- Born: March 10, 1937 Cleveland, Ohio, U.S.
- Died: September 23, 2001 (aged 64) Los Angeles, California, U.S.
- Occupation: Film director

= Robert Abel (animator) =

American film director and animator

Robert Abel (March 10, 1937 – September 23, 2001) was an American pioneer in visual effects, computer animation and interactive media, best known for the work of his company, Robert Abel and Associates.

Born in Cleveland, he received degrees in Design and Film from UCLA. He began his work in computer graphics in the 1950s, as an apprentice to John Whitney.

In the 1960s and early 1970s, Abel wrote or directed several films, including The Making of the President, 1968, Elvis on Tour and Let the Good Times Roll.

In 1971, Abel and Con Pederson founded Robert Abel and Associates (RA&A), creating slit-scan effects and using motion-controlled cameras for television commercials and films. RA&A began using Evans & Sutherland computers to previsualize their effects; this led to the creation of the trailer for The Black Hole, and the development of their own software for digitally animating films (including Tron).

Abel and Associates was contracted to provide Paramount Pictures the special effects for Star Trek: The Motion Picture, but was not able to deliver them, and its services were terminated by Paramount.

In 1984, Robert Abel and Associates produced a commercial named Brilliance for the Canned Food Information Council for airing during the Super Bowl XIX telecast.
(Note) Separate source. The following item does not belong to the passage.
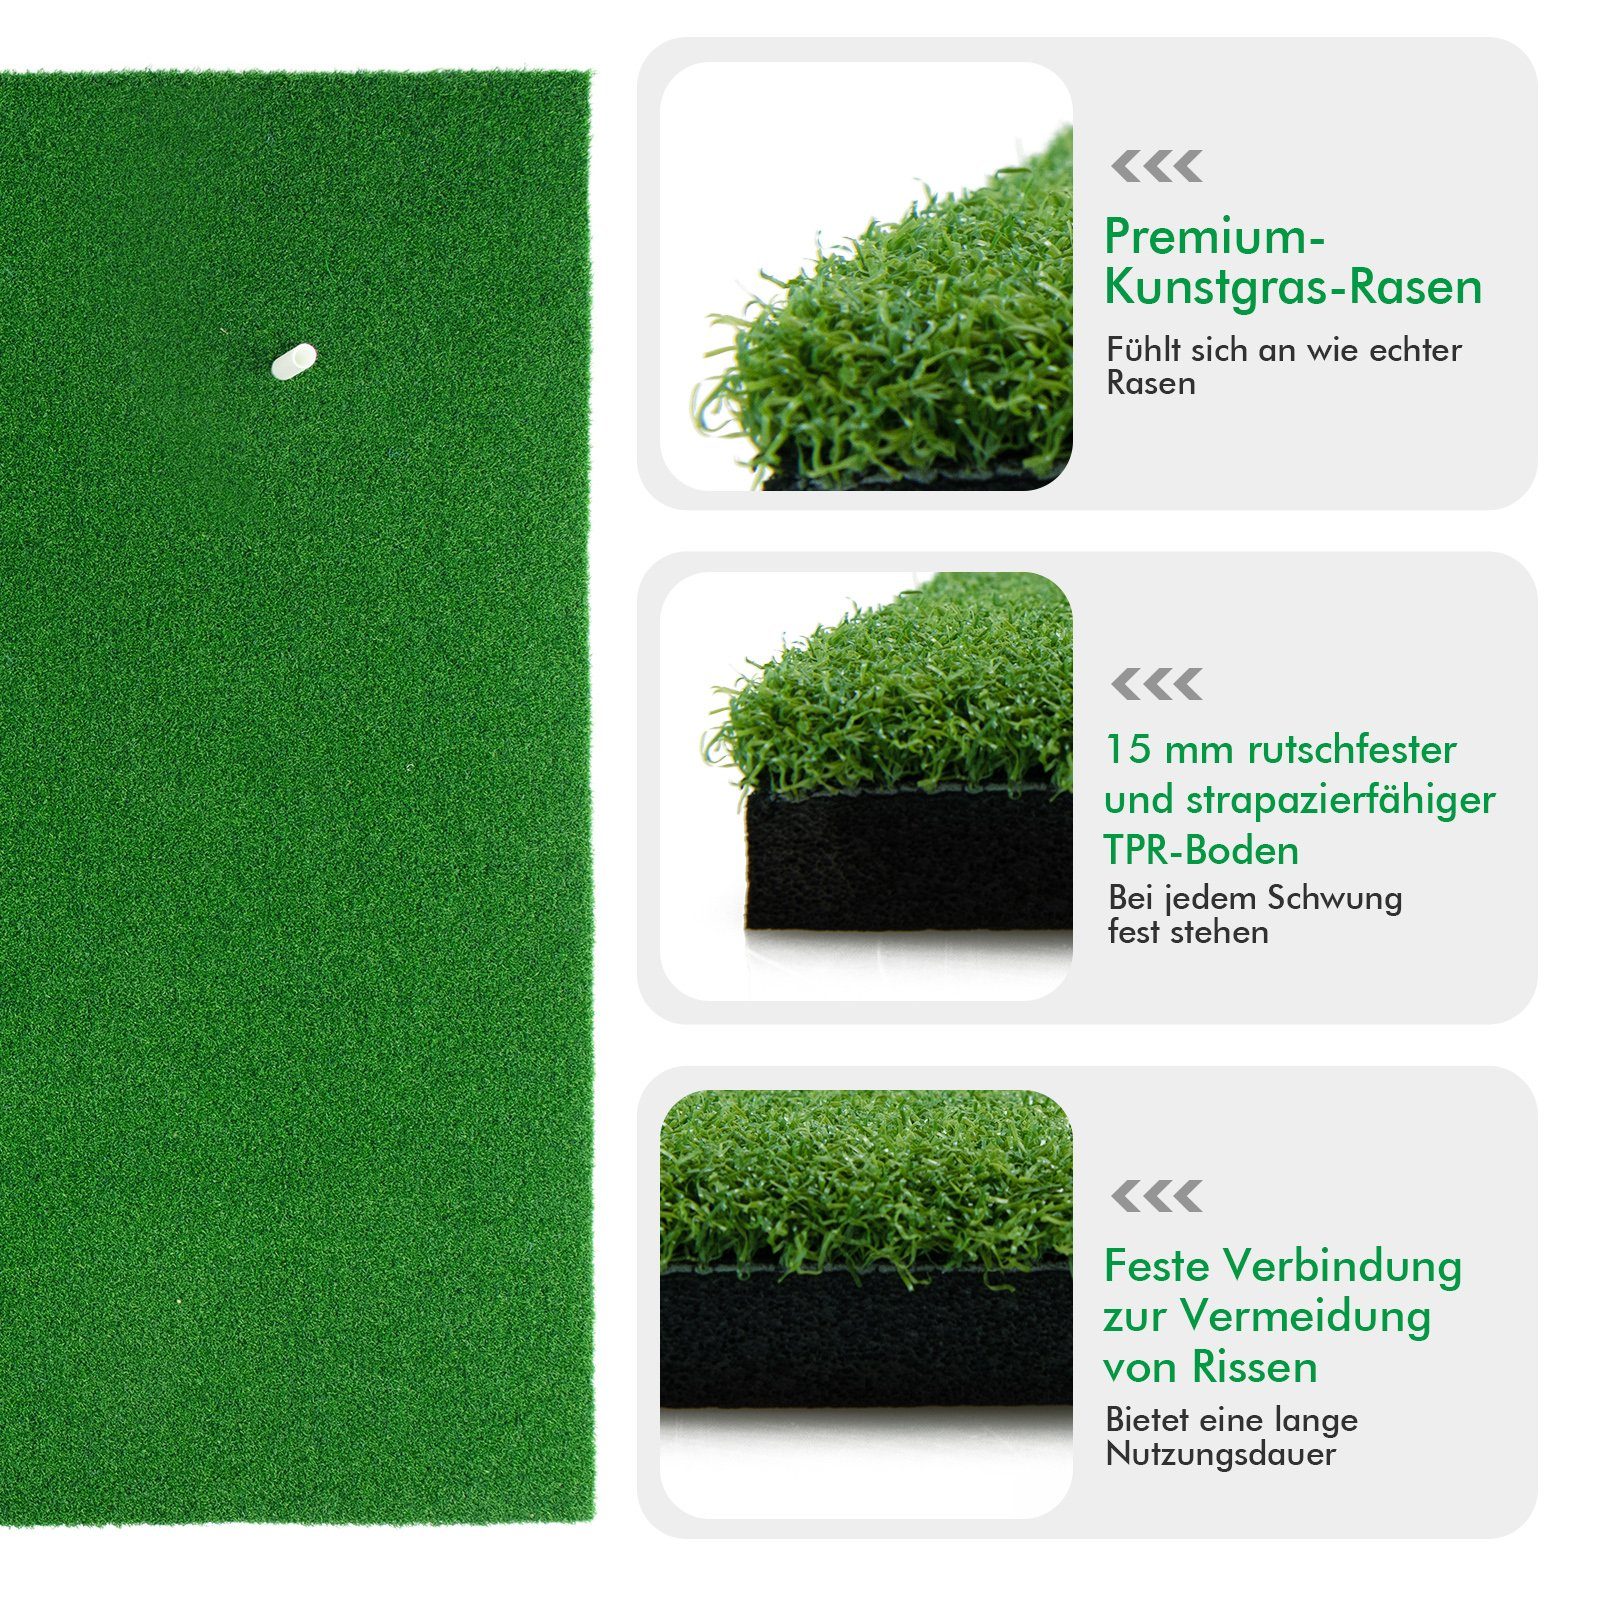 COSTWAY Golf-Abschlagmatte Golfmatte, Gummi-Tees 3 mit 150x100cm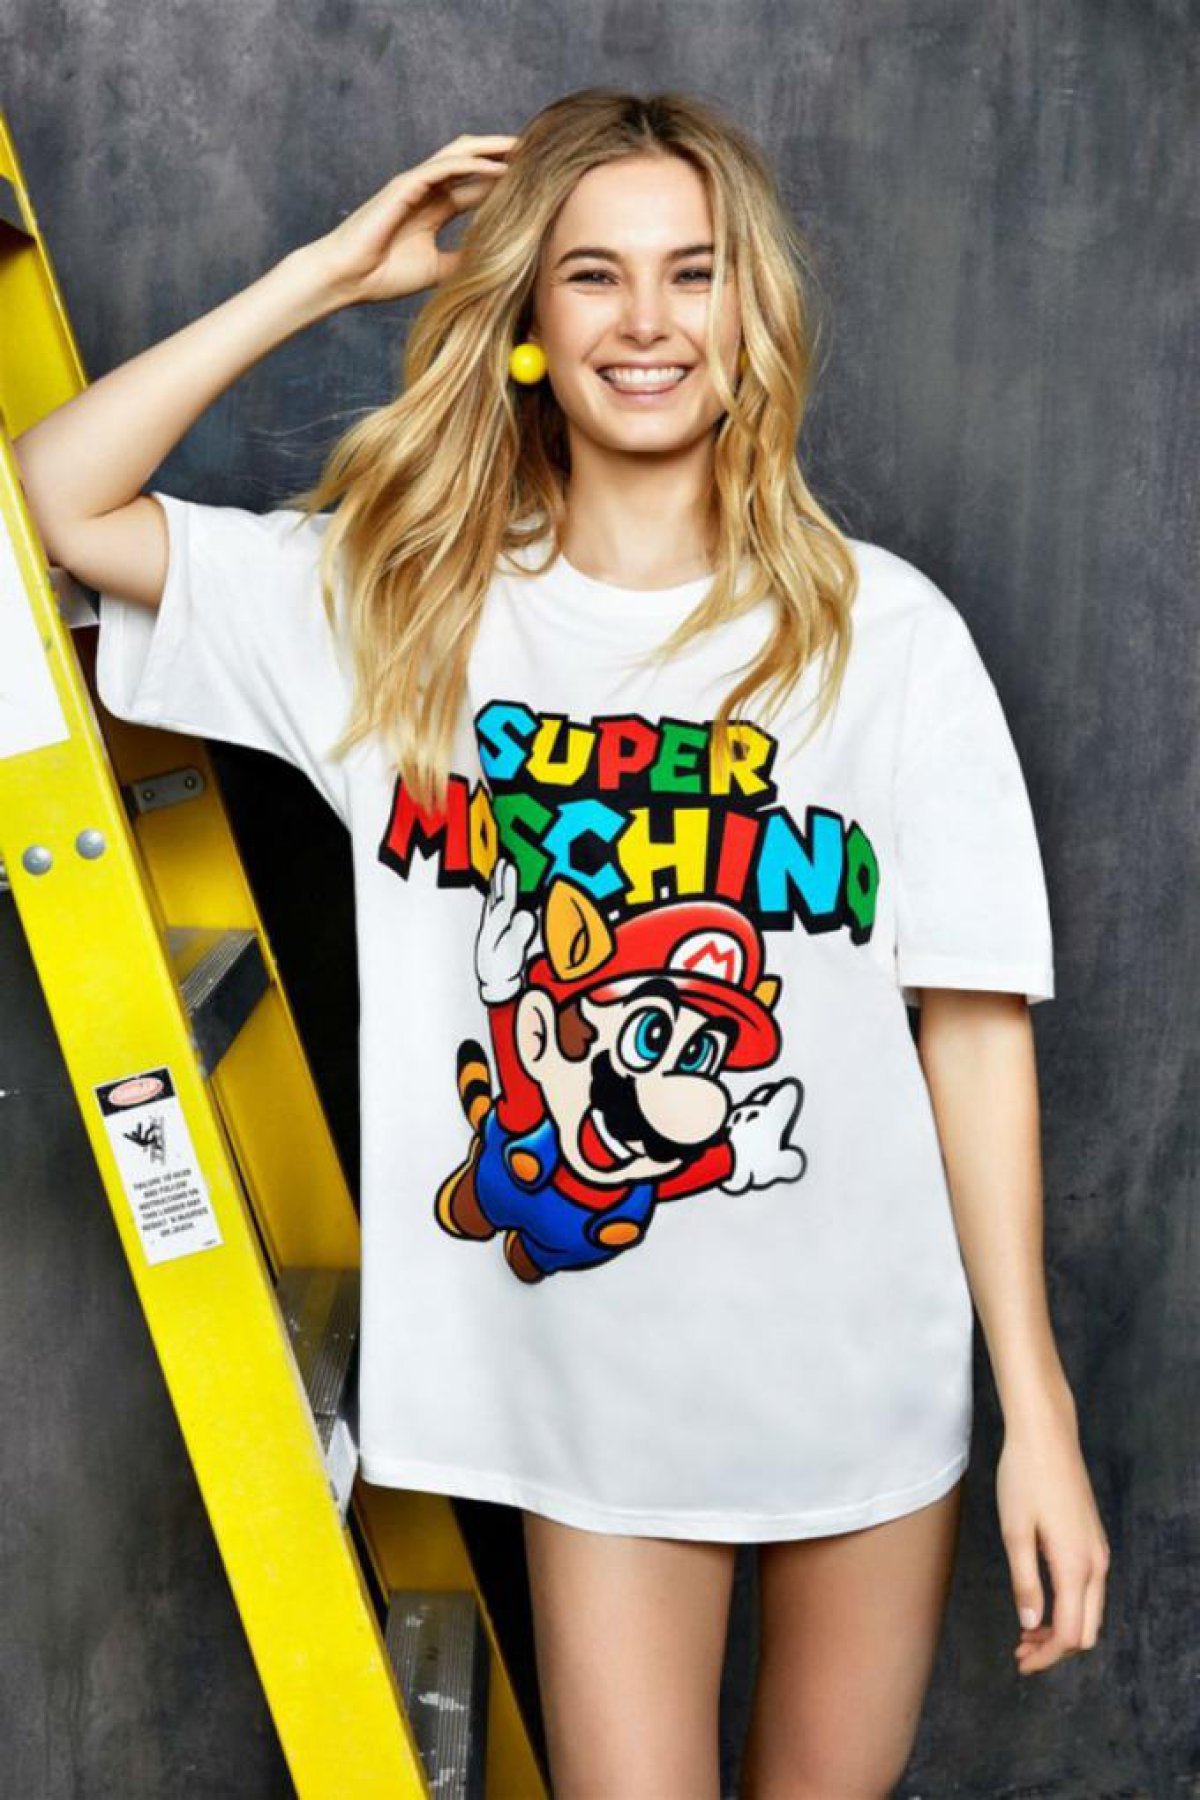 Moschino lanza su línea de ropa inspirada en Super Mario Bros

It featured a sexy robot with reflective environment mapping and human-like motion.

Abel & Associates closed in 1987 following an ill-fated merger with now defunct Omnibus Computer Graphics, Inc., a company which had been based in Toronto.

In the 1990s, Abel founded Synapse Technologies, an early interactive media company, which produced pioneering educational projects for IBM, including "Columbus: Discovery, Encounter and Beyond" and "Evolution/Revolution: The World from 1890-1930".

He received numerous honors, including a Golden Globe Award (for Elvis on Tour), 2 Emmy Awards, and 33 Clios.

Abel died from complications following a heart attack at the age of 64.

Abel's film By the Sea, made with Pat O'Neill, was preserved by the Academy Film Archive in 2007.